A corporate charity holding stock in the second business would be better off, receiving $350,000 in cash distributions. Their tax would be $153,000, ($500,000 Sub S income, less $50,000 charitable deduction, times 34%). Their supported charity would receive the net of $197,000. Here, however, the trust form produces clearly better financial results. Again, a circular formula is used to calculate tax of $100,000 and a distribution to charity of $250,000 out of the $350,000 distribution. This is the minimum possible tax rate of 20%.

All other things being equal, if the S Corporation will be distributing exactly 54% of its income, the effective tax rate will be 31% whether the charity is a corporation or a trust. The net cash available for charitable use will be about $117,000 (after tax of about $153,000). The charity's other unrelated business income or loss and the potential availability of the lower brackets will change the "break-even" point.

A word of caution: Even if the Sub S corporation does not distribute sufficient cash to pay the tax, it is still due and must be paid from other assets or borrowings. This is the hazard of owning an interest in a pass-through entity such as an S corporation, limited liability company, or partnership interest that generates taxable income (of course, this problem is not limited to charitable organizations!).

What happens to the rest of the taxable income?

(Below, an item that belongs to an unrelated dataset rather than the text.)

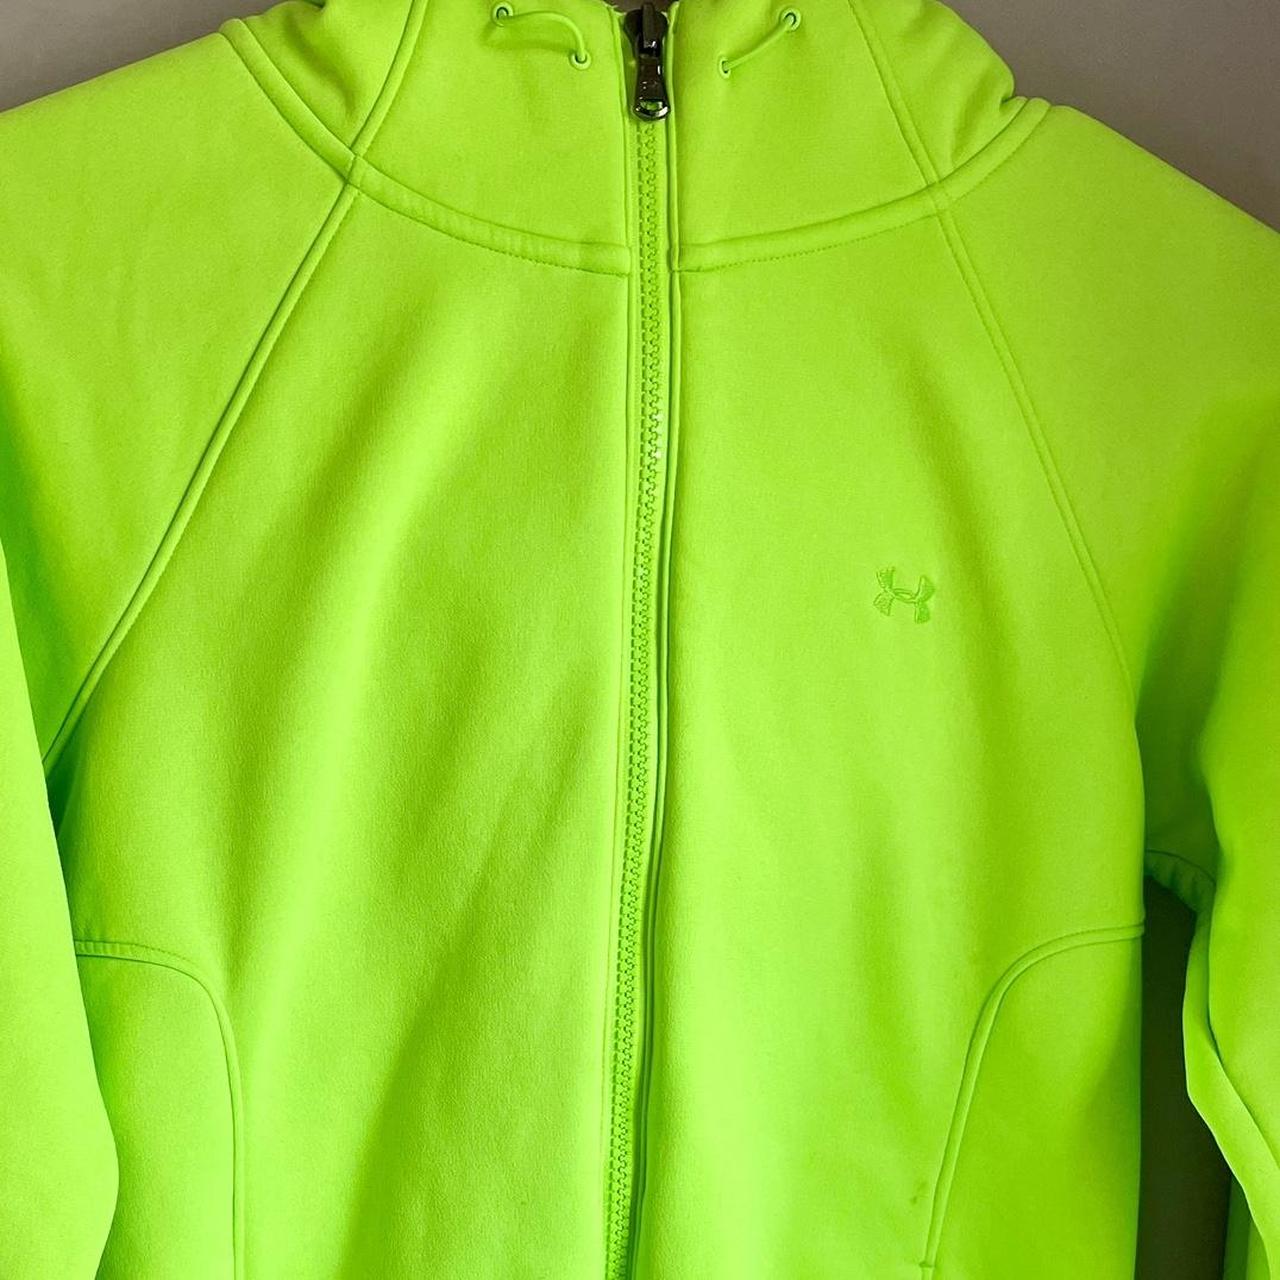 Neon Lime Green Under Armour jacket💚 very... - Depop

After all, the shareholders, including the charity, have paid tax on more income than the cash they actually received. This undistributed income is added to the shareholder's basis in the stock. When (if) the stock is sold or redeemed by the S corporation, this additional basis will decrease the taxable gain.

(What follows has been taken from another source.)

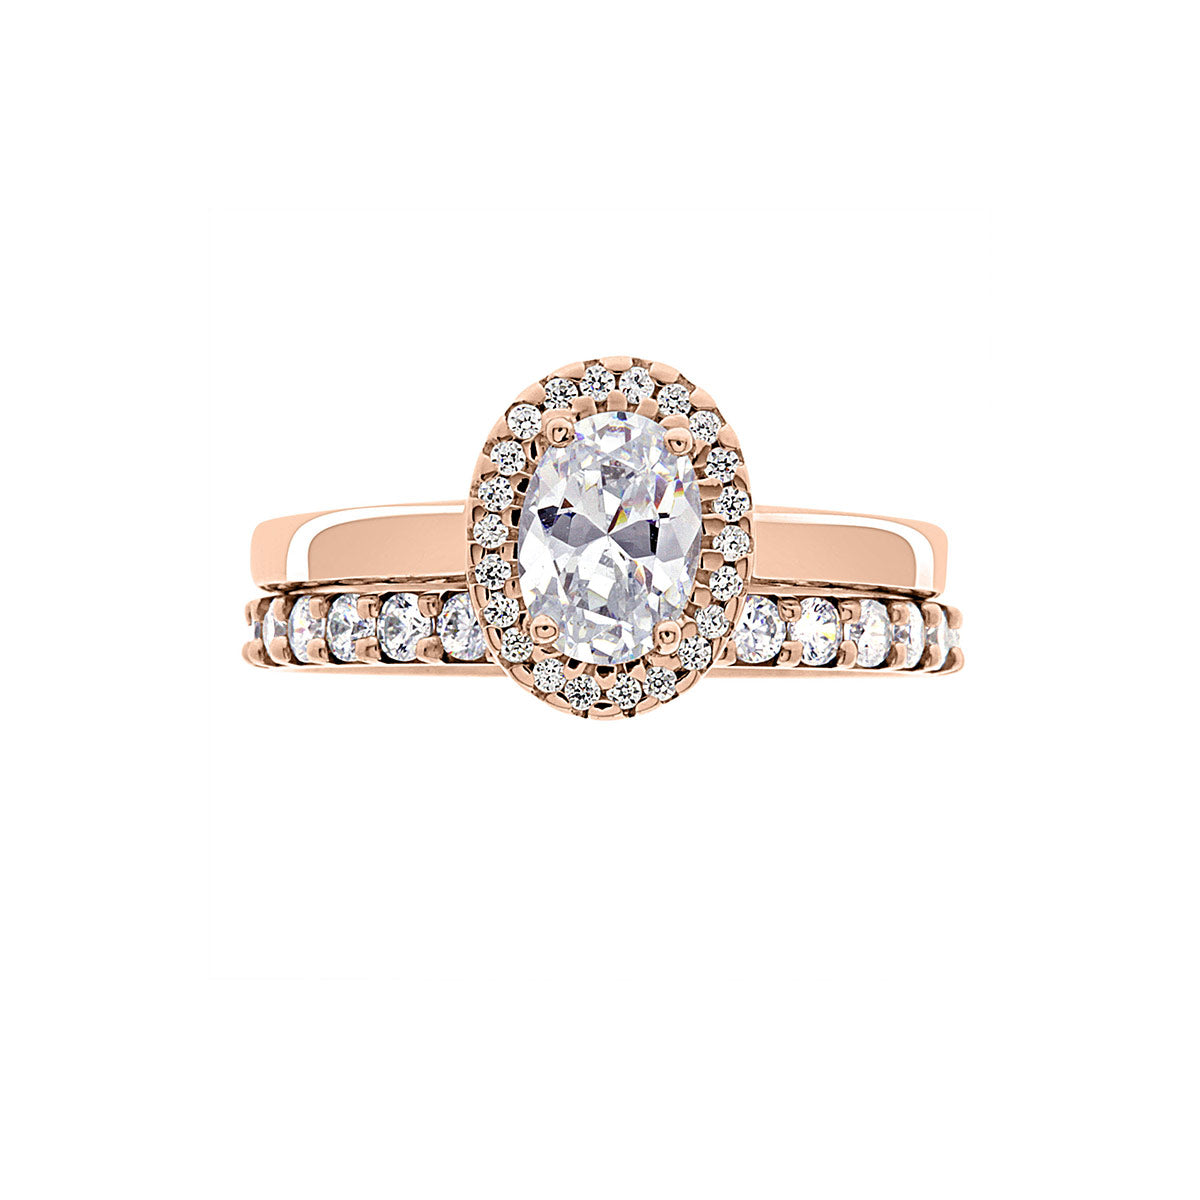 Oval Vintage Engagement Ring in rose gold pictured with a matching diamond set wedding band

In a year in which Subchapter S stock is sold, distributing cash to the supported organization can also reduce the tax. Using the same calculations as above, the tax on a sale by a corporation would be an effective 31% rate, but the trust form would produce a tax rate as low as 10% (20% capital gains rate less 50% charitable deduction). In the year of the sale, we would assume there would be sufficient cash to maximize the deduction. Obviously, there are other considerations besides tax costs when choosing between organizing as a corporation or trust.

Corporations are easier to amend than trusts. State laws may impose a higher standard of care on trust fiduciaries than on corporate officers. Some of these issues may be less important if the only function of the organization is as a supporting organization rather than an operating charity.

Summary

Taxes should never be the only consideration when negotiating with a potential donor. However, before accepting a gift of Subchapter S stock, taxes must be given serious consideration. Once the charity knows as much as possible about the company and its distribution policy and history, it can then consider the structure of the organization to hold the donation. To do otherwise is to miss the opportunity to maximize the value of the donation and minimize the tax consequences.